* Collected data

******

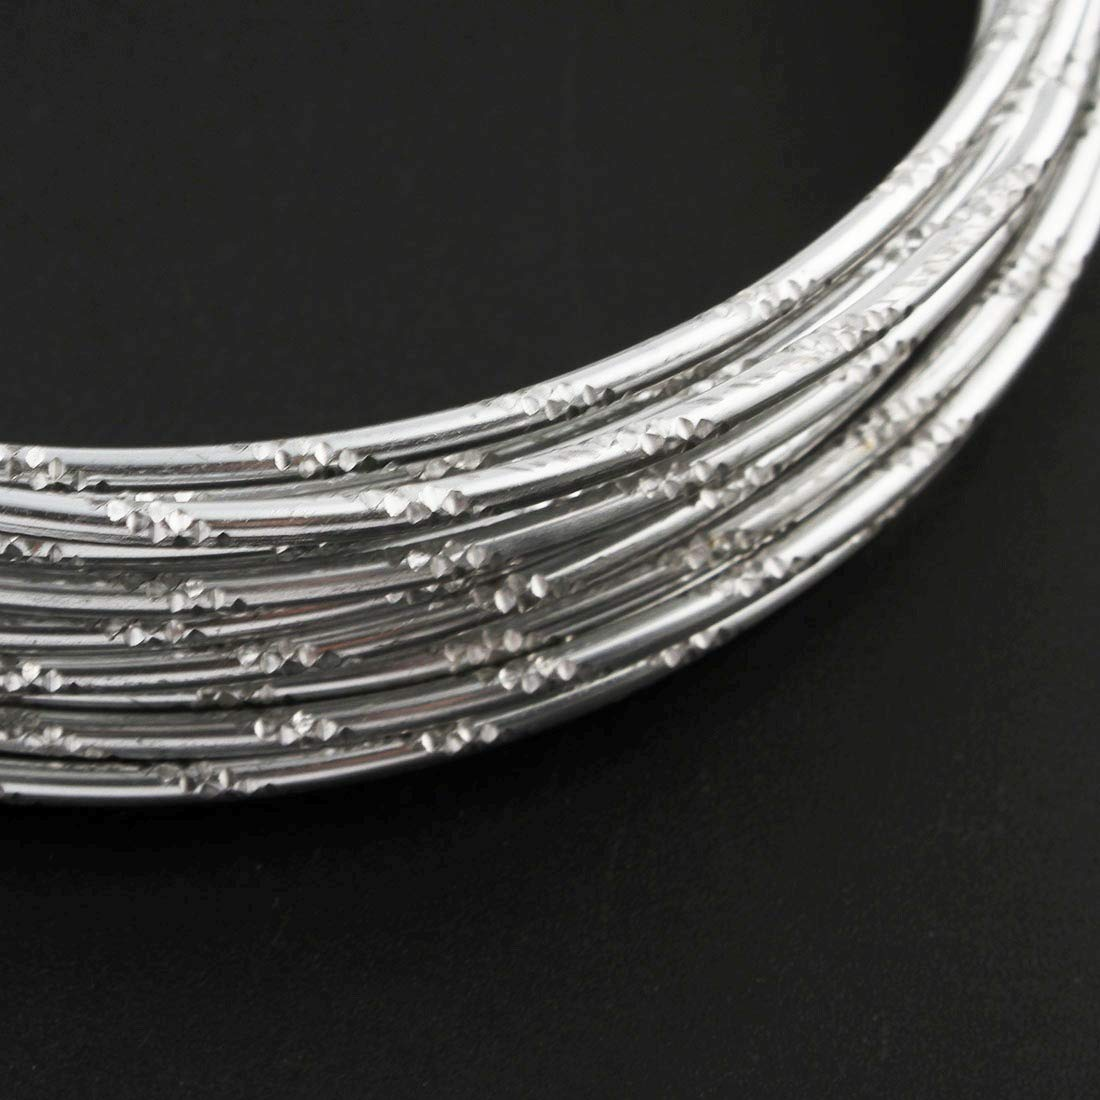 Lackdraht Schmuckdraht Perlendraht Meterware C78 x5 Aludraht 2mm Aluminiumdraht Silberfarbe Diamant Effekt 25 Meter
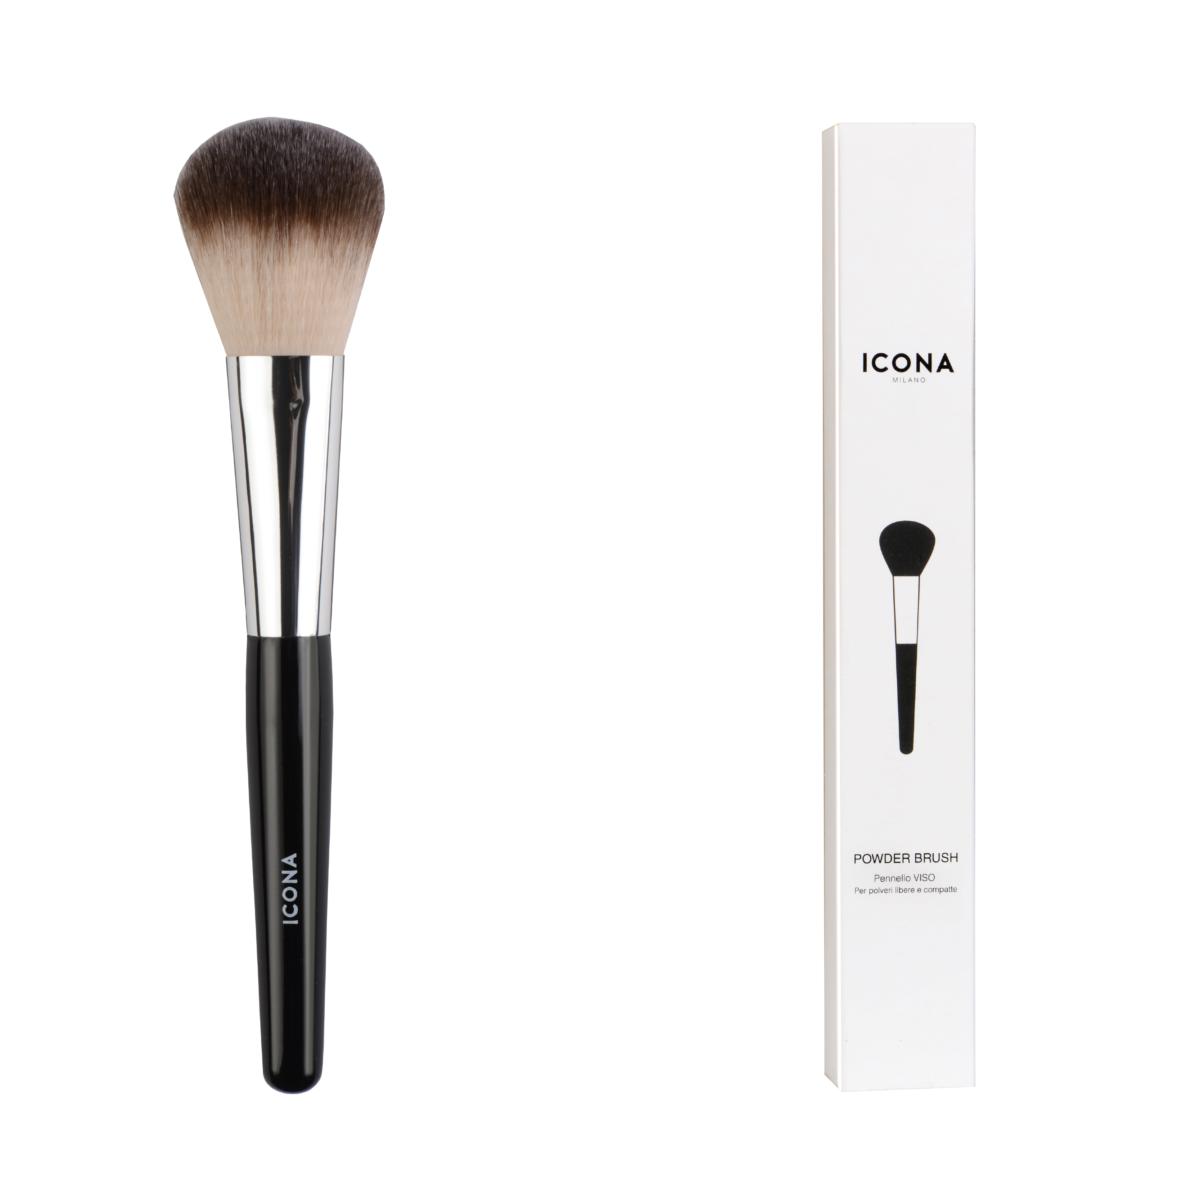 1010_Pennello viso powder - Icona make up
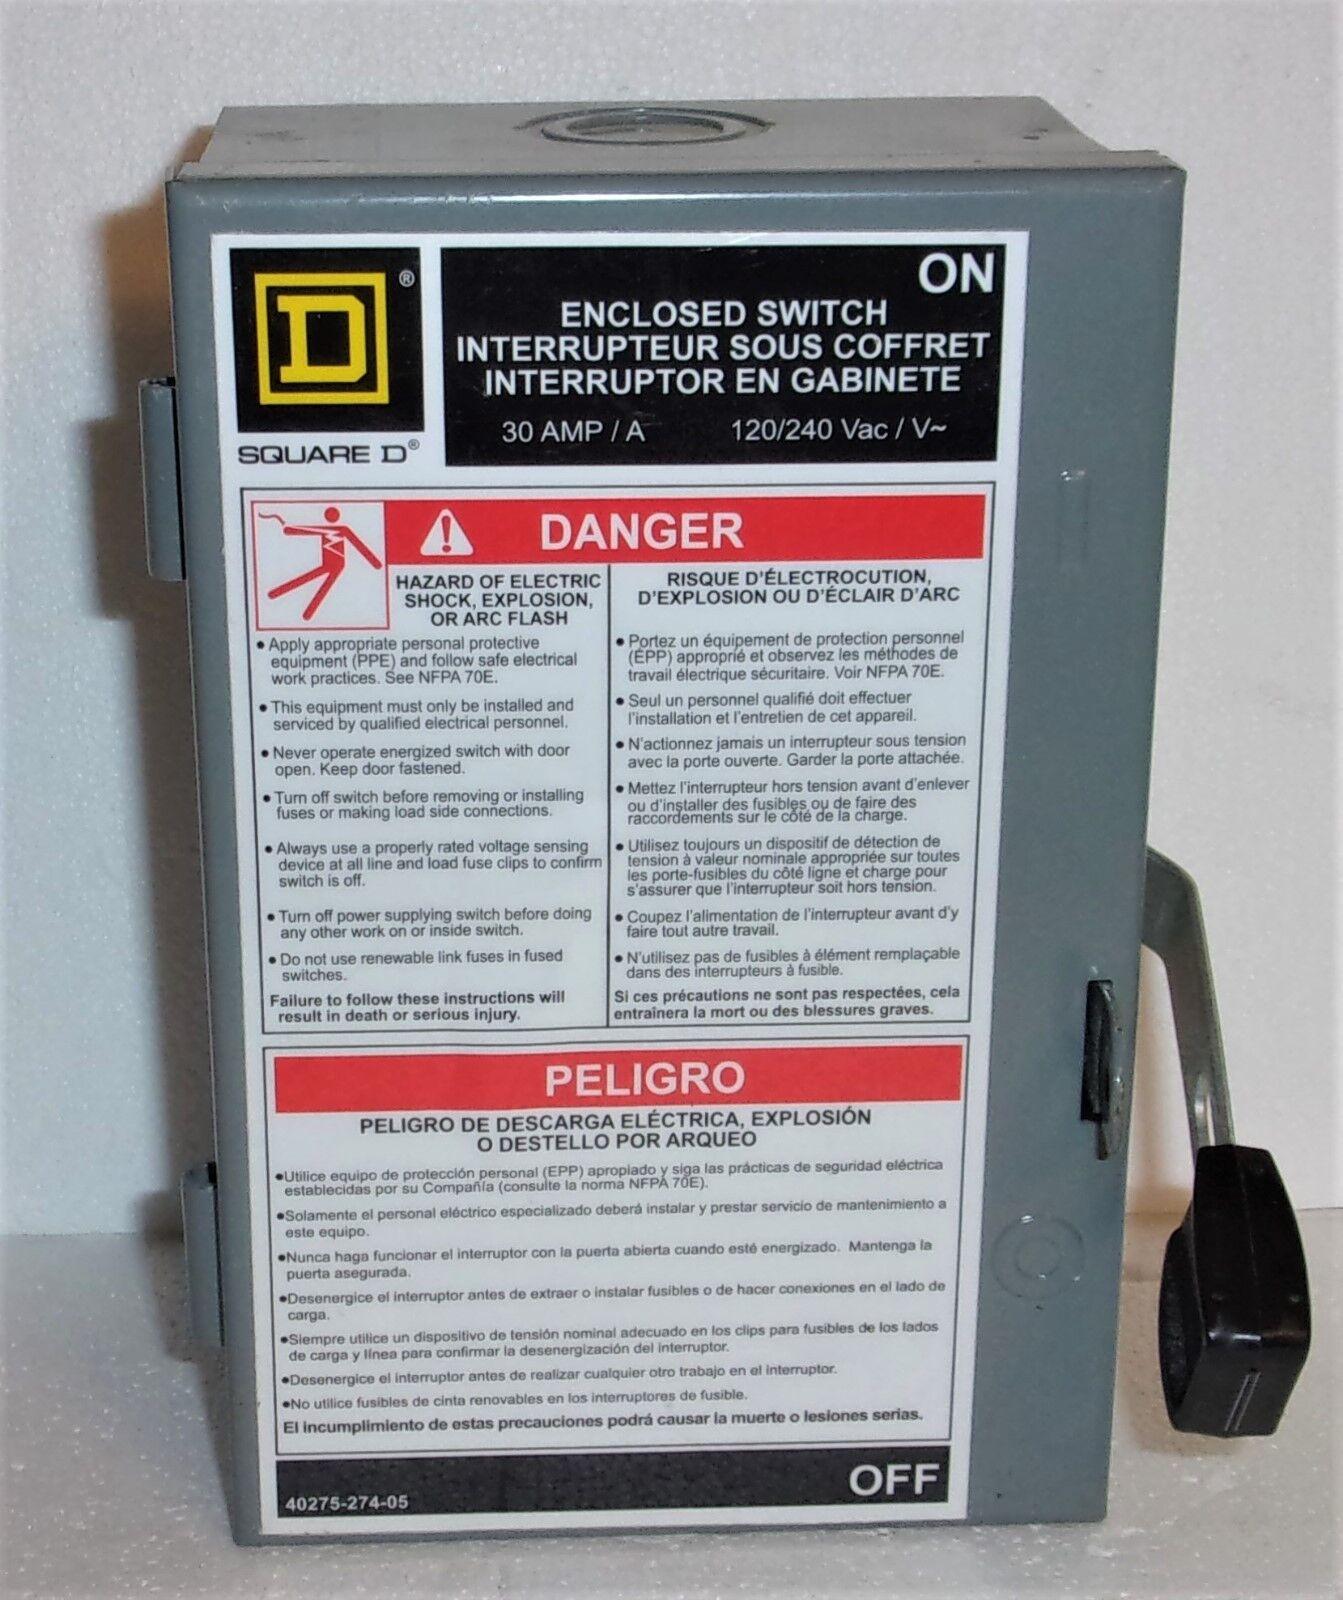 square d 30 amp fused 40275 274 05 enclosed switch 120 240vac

******

* What this task involves
What you output must match the data exactly, apart from the pictures, which are left out.

* Expected answer
 Lackdraht Schmuckdraht Perlendraht Meterware C78 x5 Aludraht 2mm Aluminiumdraht Silberfarbe Diamant Effekt 25 Meter
 1010_Pennello viso powder - Icona make up
 square d 30 amp fused 40275 274 05 enclosed switch 120 240vac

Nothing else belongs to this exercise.